Tuesday, May 24, 2011

From MARC to Principled Metadata

Library of Congress has announced its intention to "review the bibliographic framework to better accommodate future needs." The translation of this into plain English is that they are (finally!) thinking about replacing the MARC format with something more modern. This is obviously something that desperately needs to be done.

I want to encourage LC and the entire library community to build its future bibliographic data on solid principles. Among these principles would be:

  • Use data, not text. Wherever possible, the stuff of bibliographic description should be computable data, not human-interpretable text. Any part of your metadata that cannot be used in machine algorithms is of limited utility in user services.
  • Give your things identifiers, not language tags. Identification allows you to share meaning without language barriers. Anything that has been identified can be displayed in language terms to users in any language of your (or the user's) choice.
  • Adopt mainstream metadata standards. This is not only for the data formats but also in terms of the data itself. If other metadata creators are using a particular standard language list or geographic names, use those same terms. If there are metadata elements for common things like colors or sizes or places or [whatever], use those.

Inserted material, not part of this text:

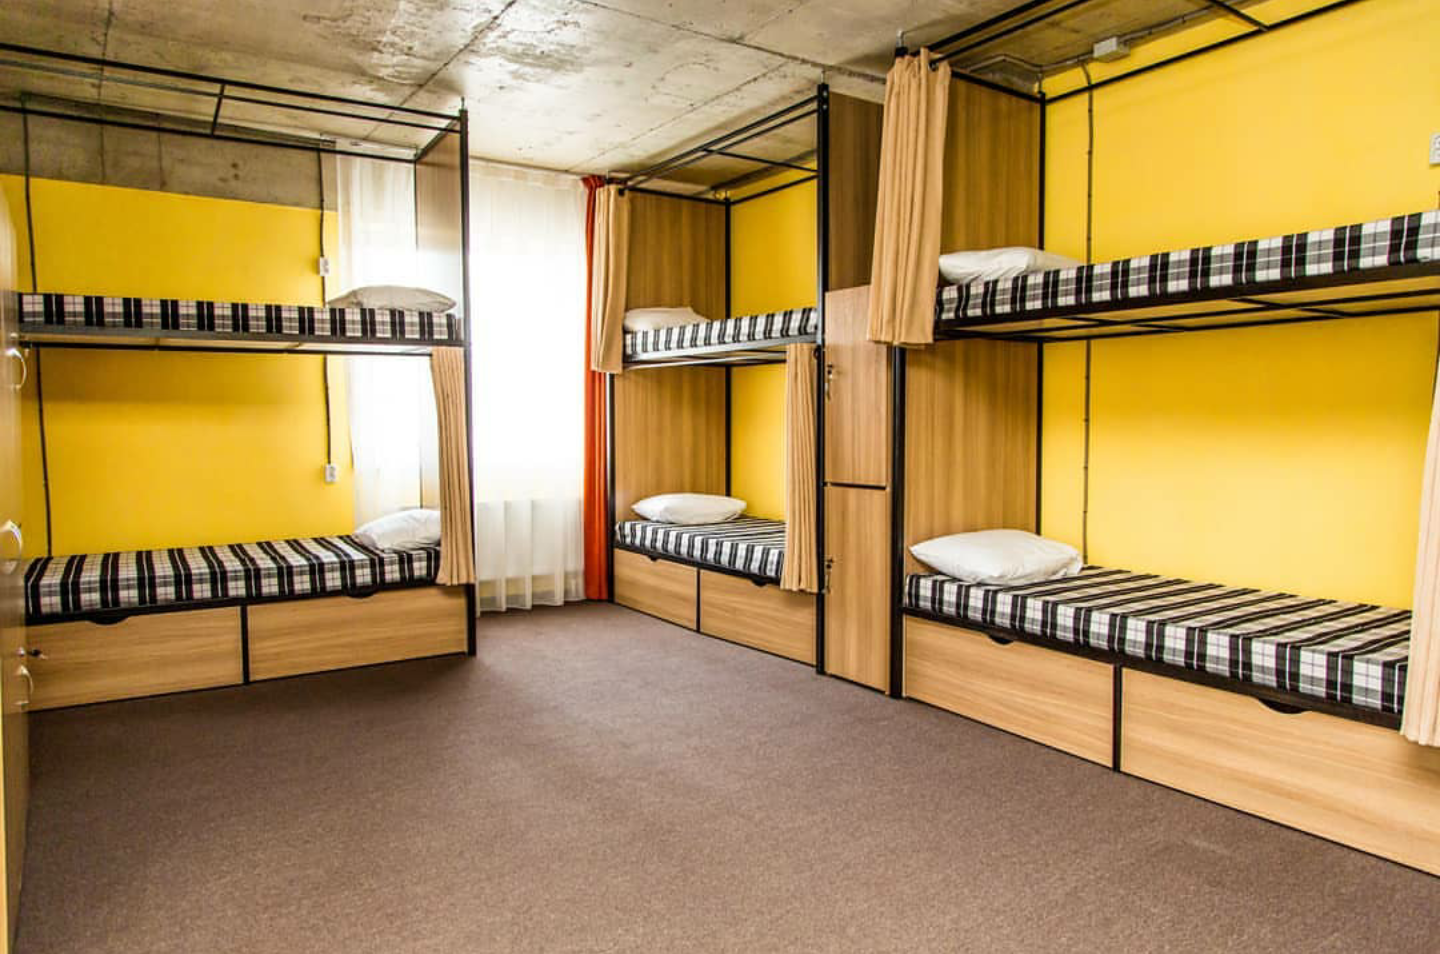 Красивое общежитие. Хостел Саларьево. Двухъярусная кровать для хостела. Двухъярусные кровати для хостелов. Хостел комната.

Work with international communities to extend metadata if necessary, but do not create library-specific versions.

There is much more to be said, and fortunately a great deal of it is being included in the report of the W3C Incubator Group on Library Linked Data. Although still in draft form you can see the current state of that group's recommendations, many of which address the transition that LC appears to be about to embark on. A version of the report for comments will be available later this summer.

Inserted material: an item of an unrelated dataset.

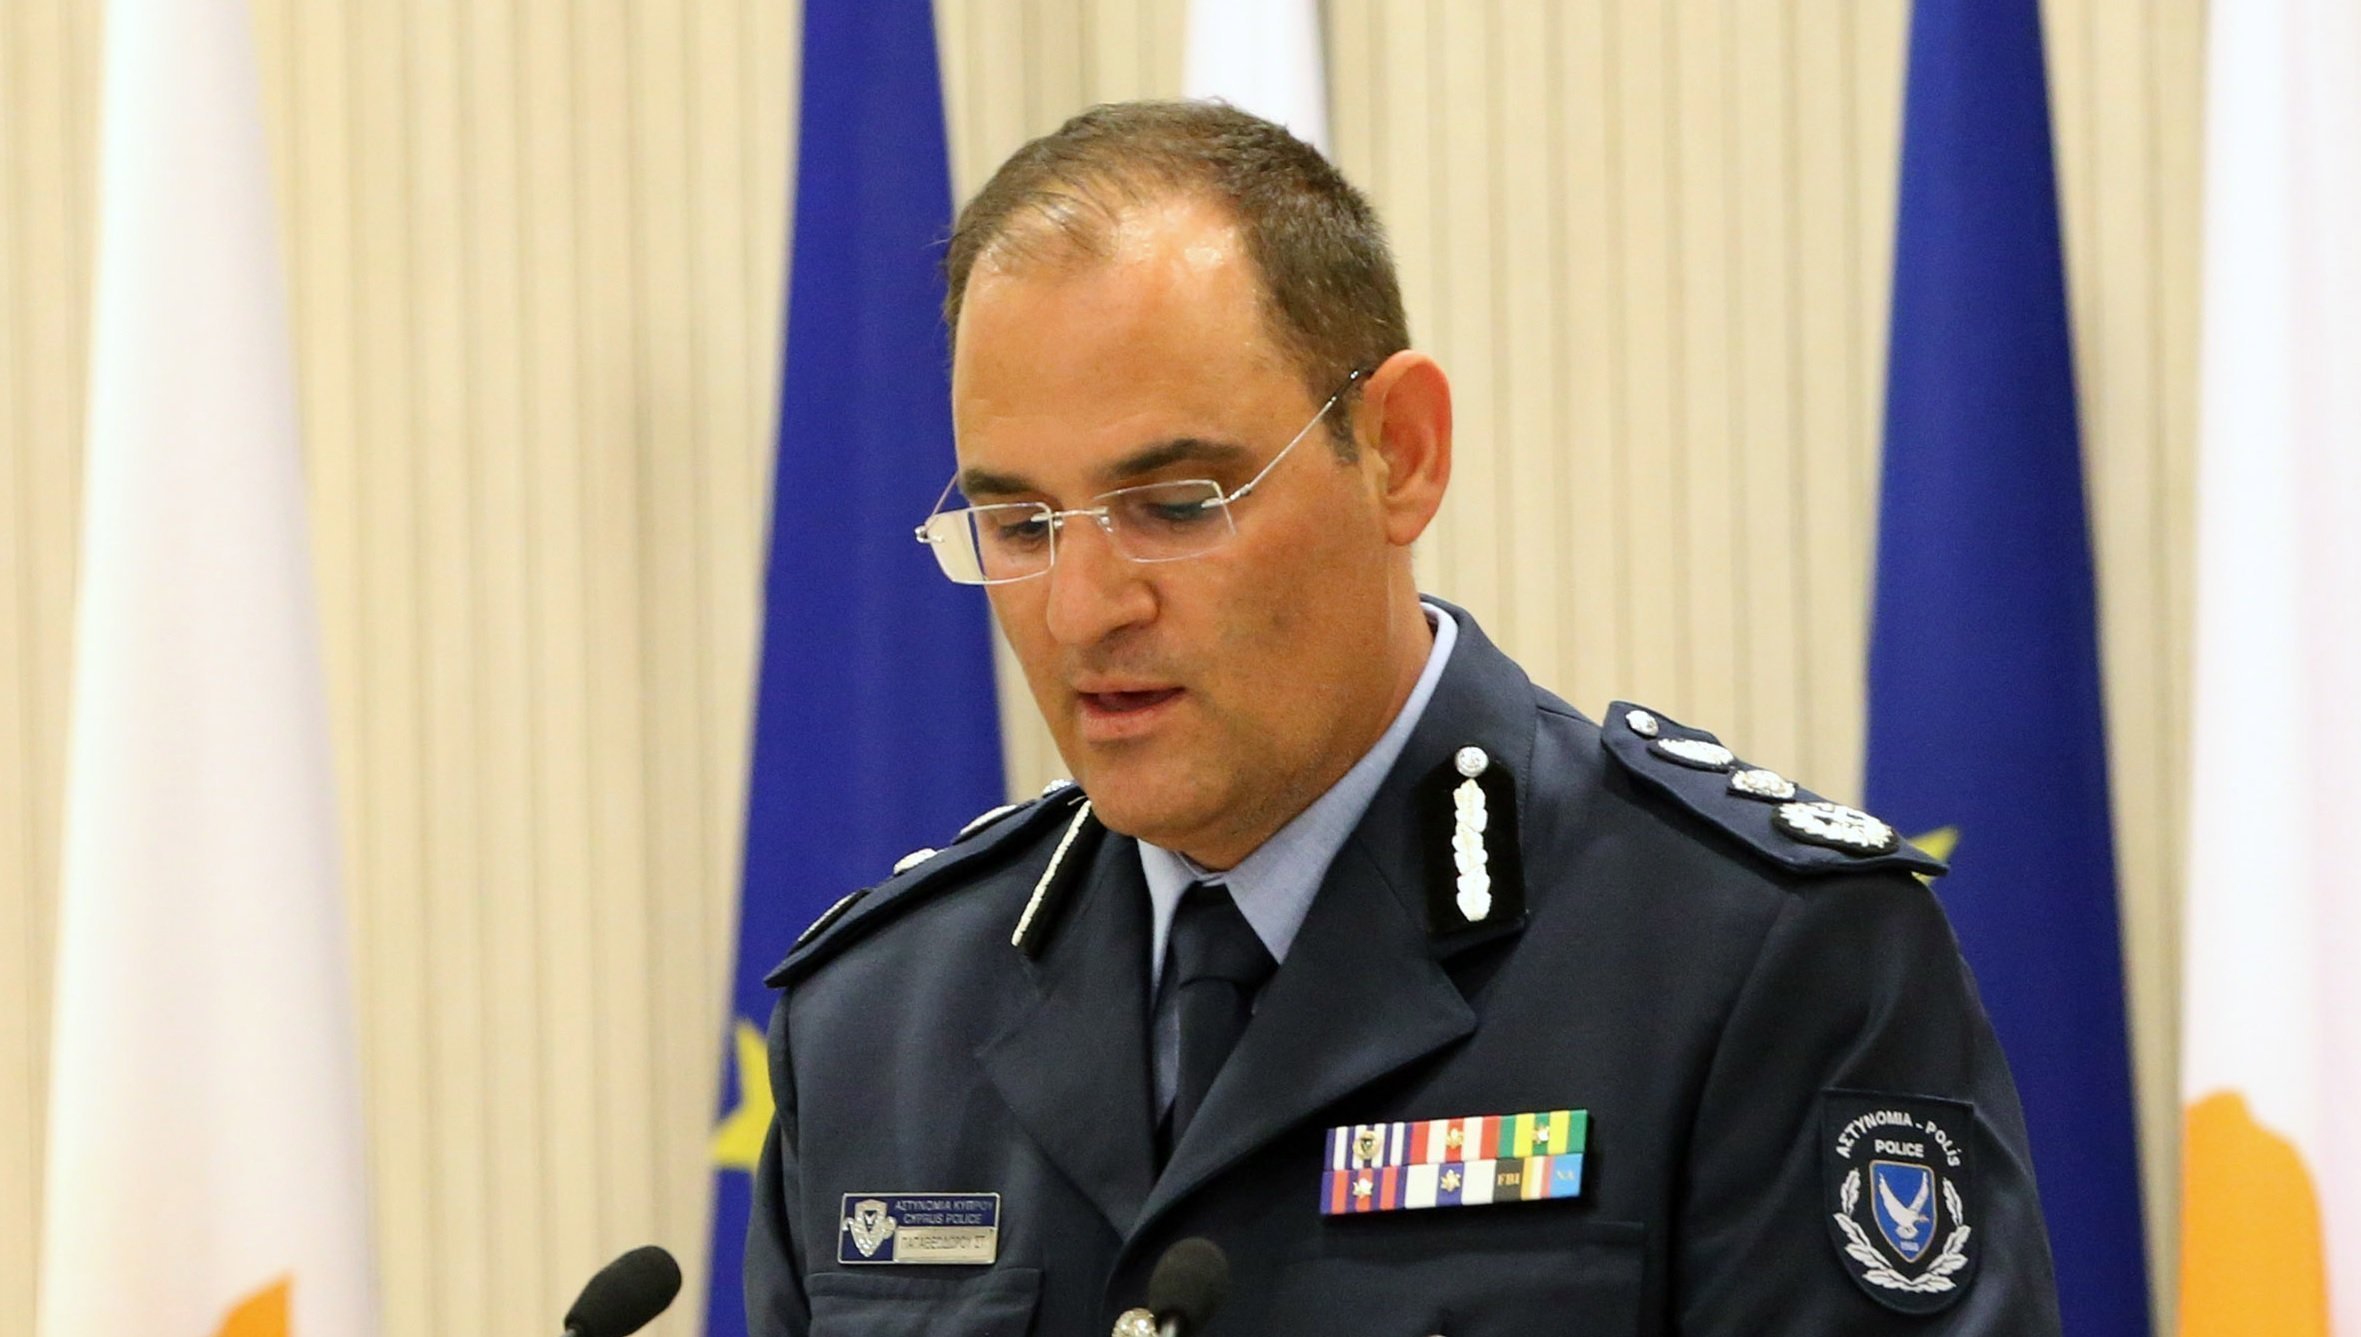 Ο Αρχηγός Αστυνομίας ζήτησε έκθεση για απόδραση υπόδικου από Λακατάμια

The existence of this W3C group, however, is the proof of something very important that the Library of Congress must embrace: that bibliographic data is not solely of interest to libraries, and the future of library data should not be created as a library standard but as an information standard. This means that its development must include collaboration with the broader information community, and that collaboration will only be successful if libraries are willing to compromise in order to be part of the greater info-sphere. That's the biggest challenge we face.